- Goal of the exercise -
Instruction for the listing below: copy exactly, and only, the lines from the one holding "Bella + Canvas" through its last line, omitting any picture.

- Available data -
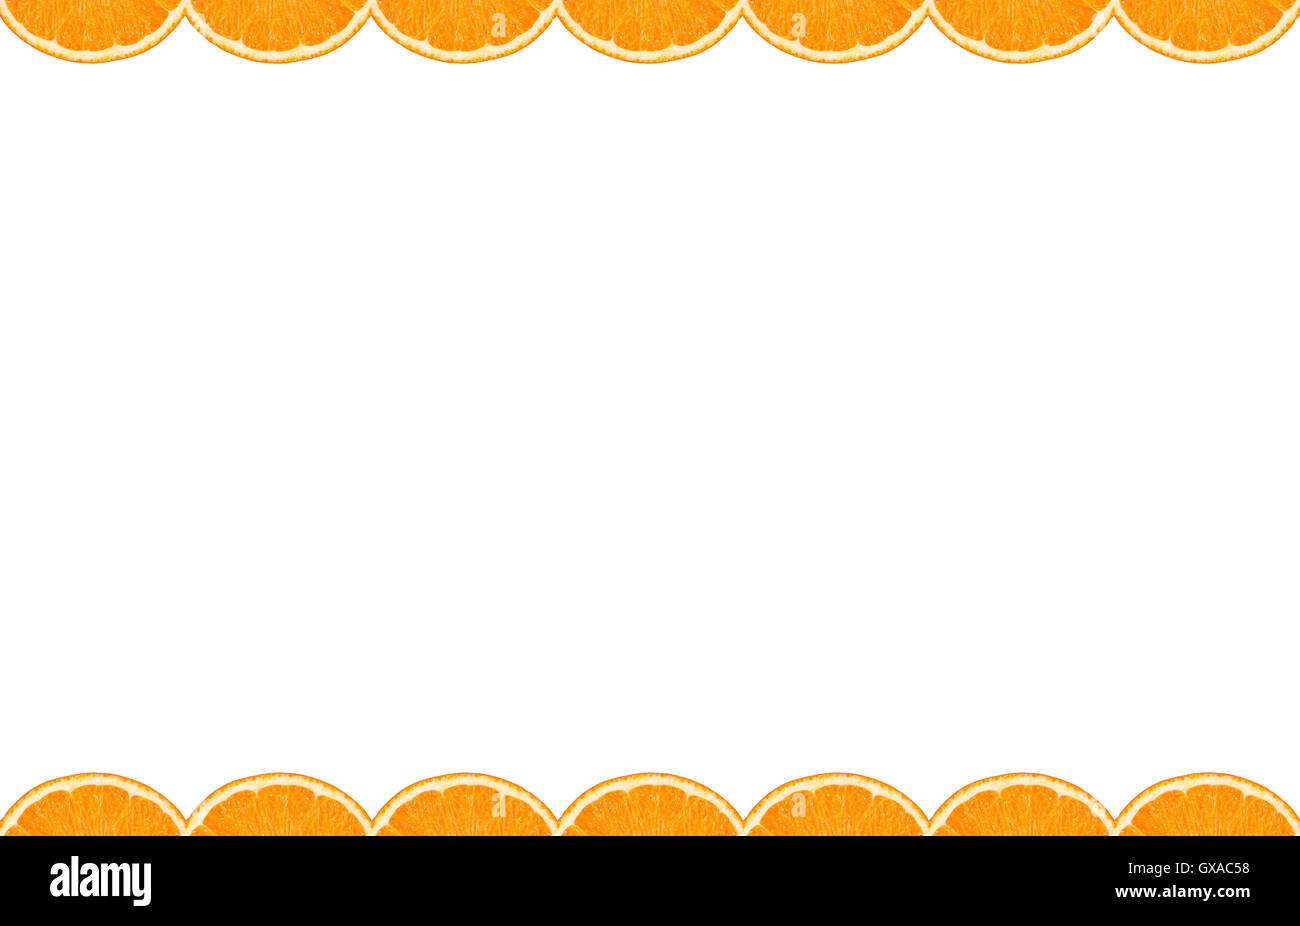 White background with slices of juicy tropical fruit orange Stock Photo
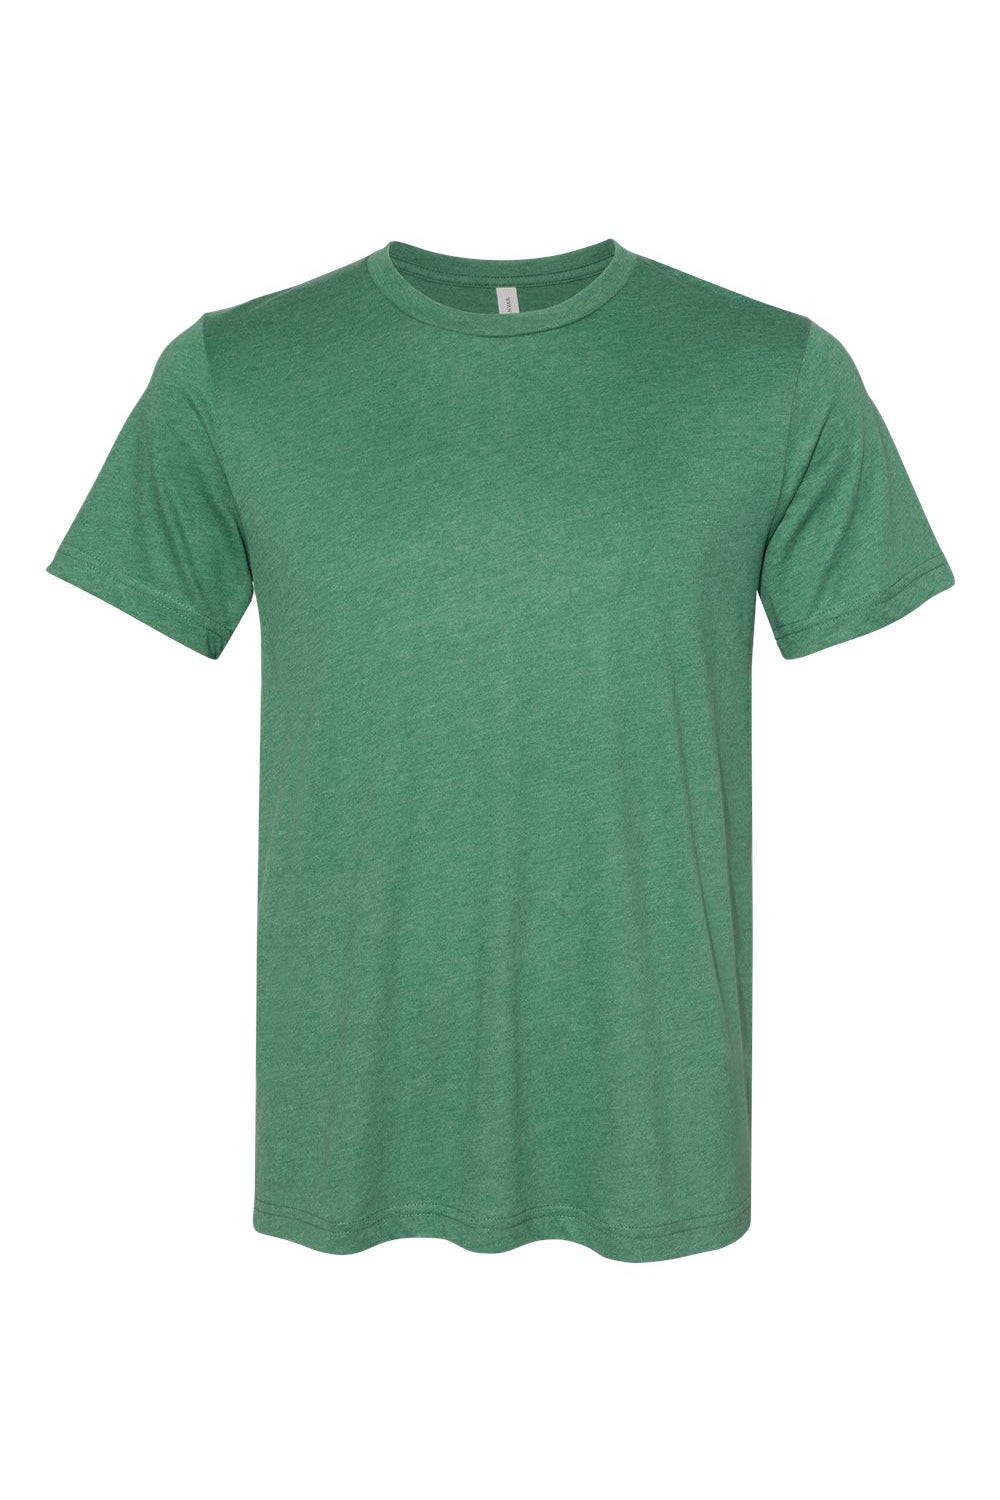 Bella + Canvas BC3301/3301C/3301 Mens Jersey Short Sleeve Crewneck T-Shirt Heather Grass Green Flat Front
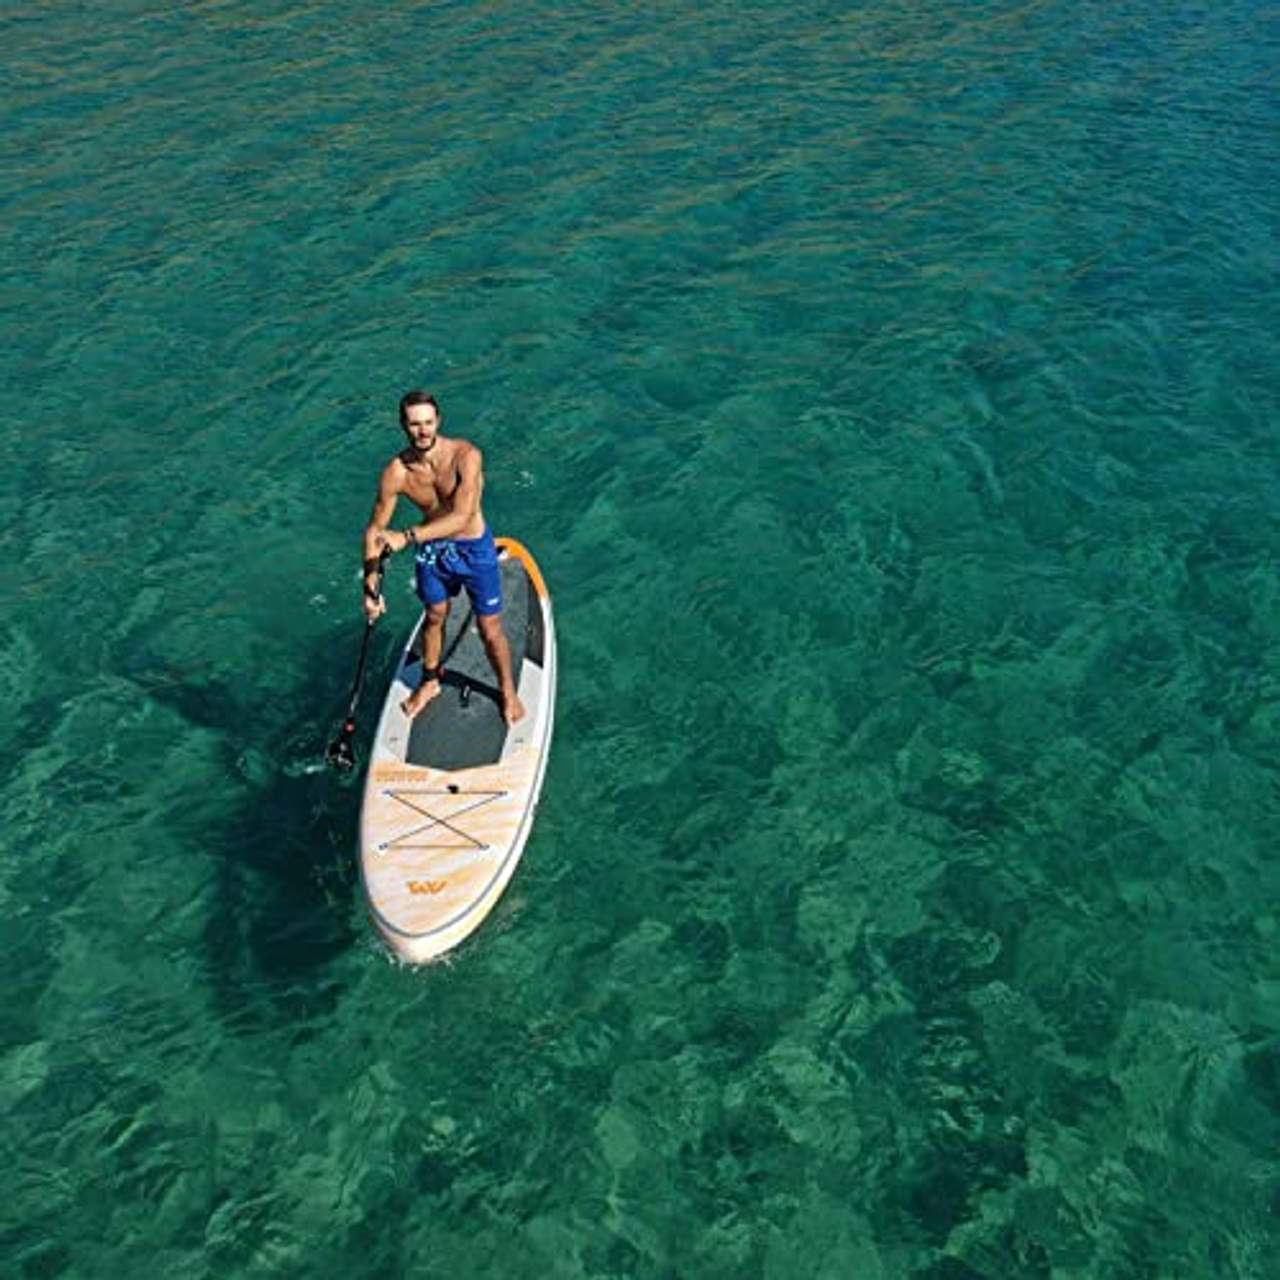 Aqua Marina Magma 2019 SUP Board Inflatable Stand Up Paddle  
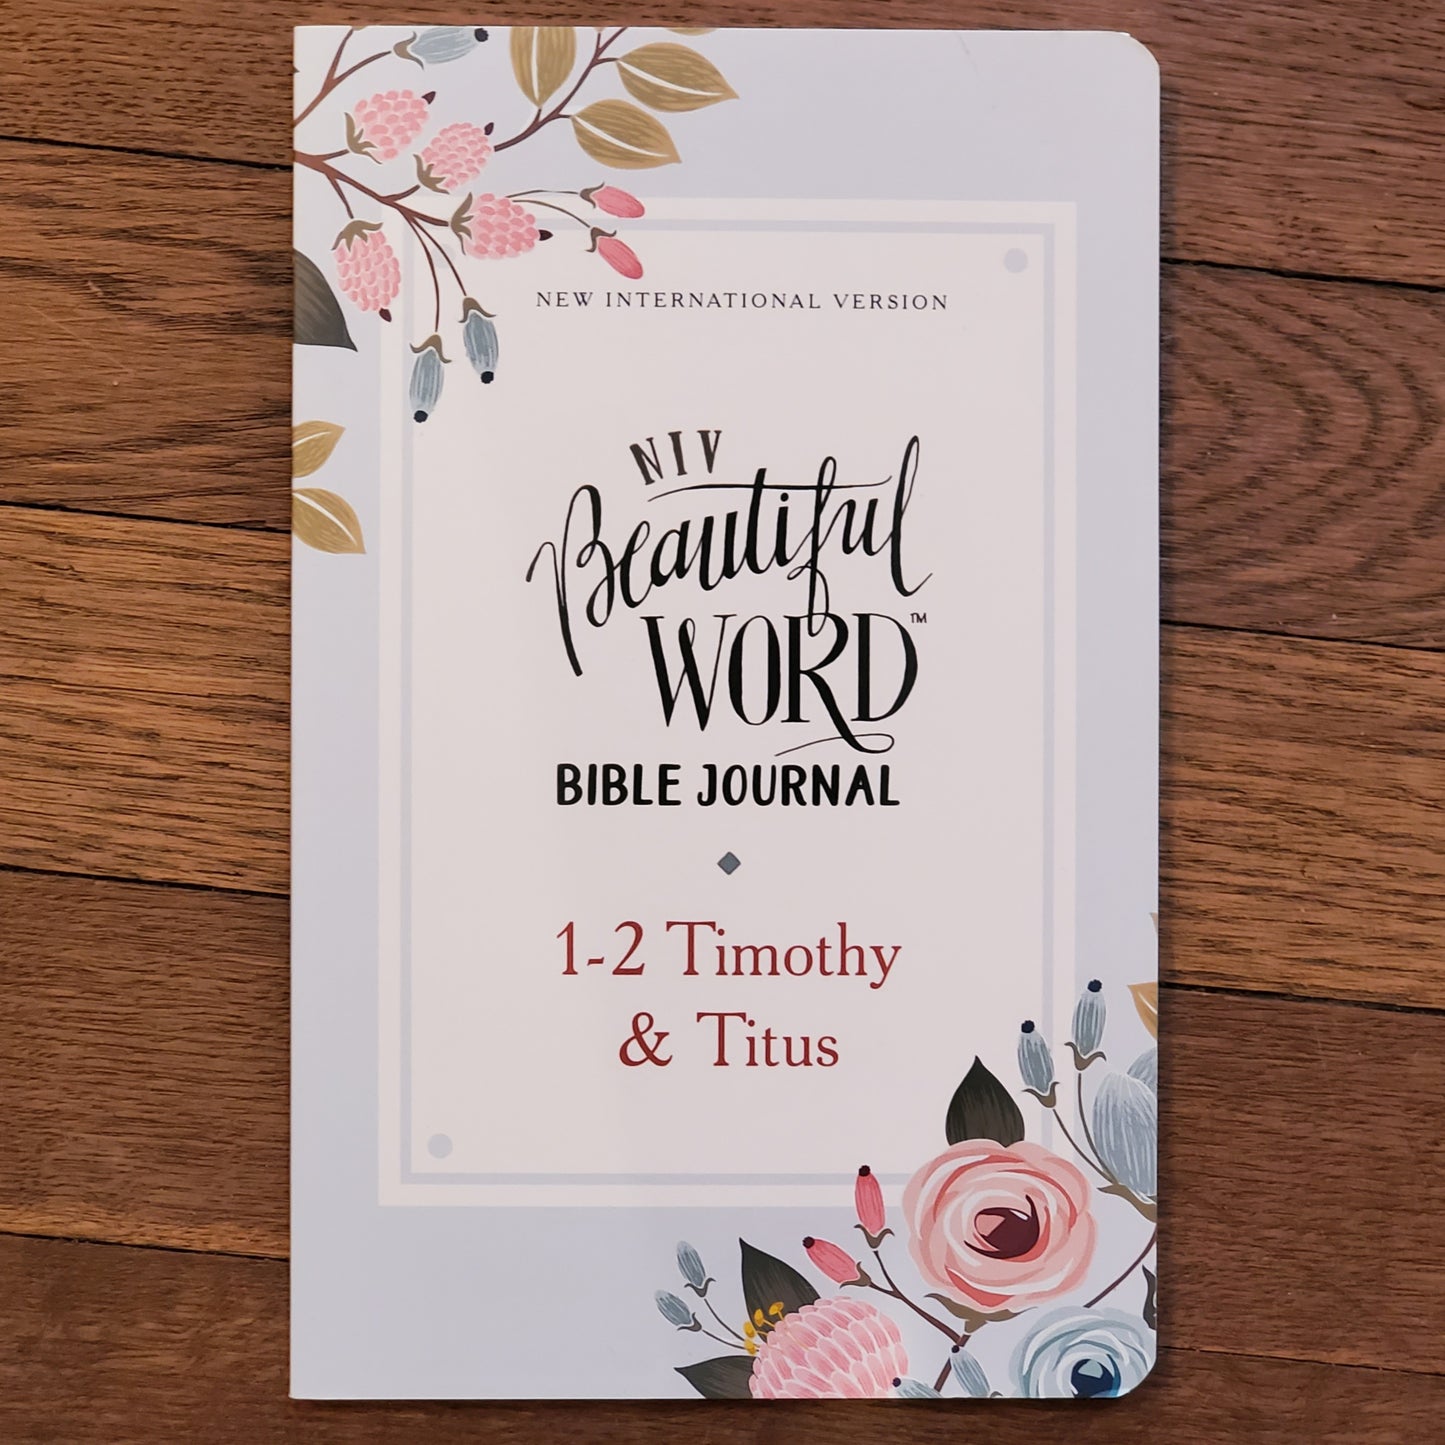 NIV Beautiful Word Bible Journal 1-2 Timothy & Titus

- Answer space -
 Bella + Canvas BC3301/3301C/3301 Mens Jersey Short Sleeve Crewneck T-Shirt Heather Grass Green Flat Front
 Aqua Marina Magma 2019 SUP Board Inflatable Stand Up Paddle  
 NIV Beautiful Word Bible Journal 1-2 Timothy & Titus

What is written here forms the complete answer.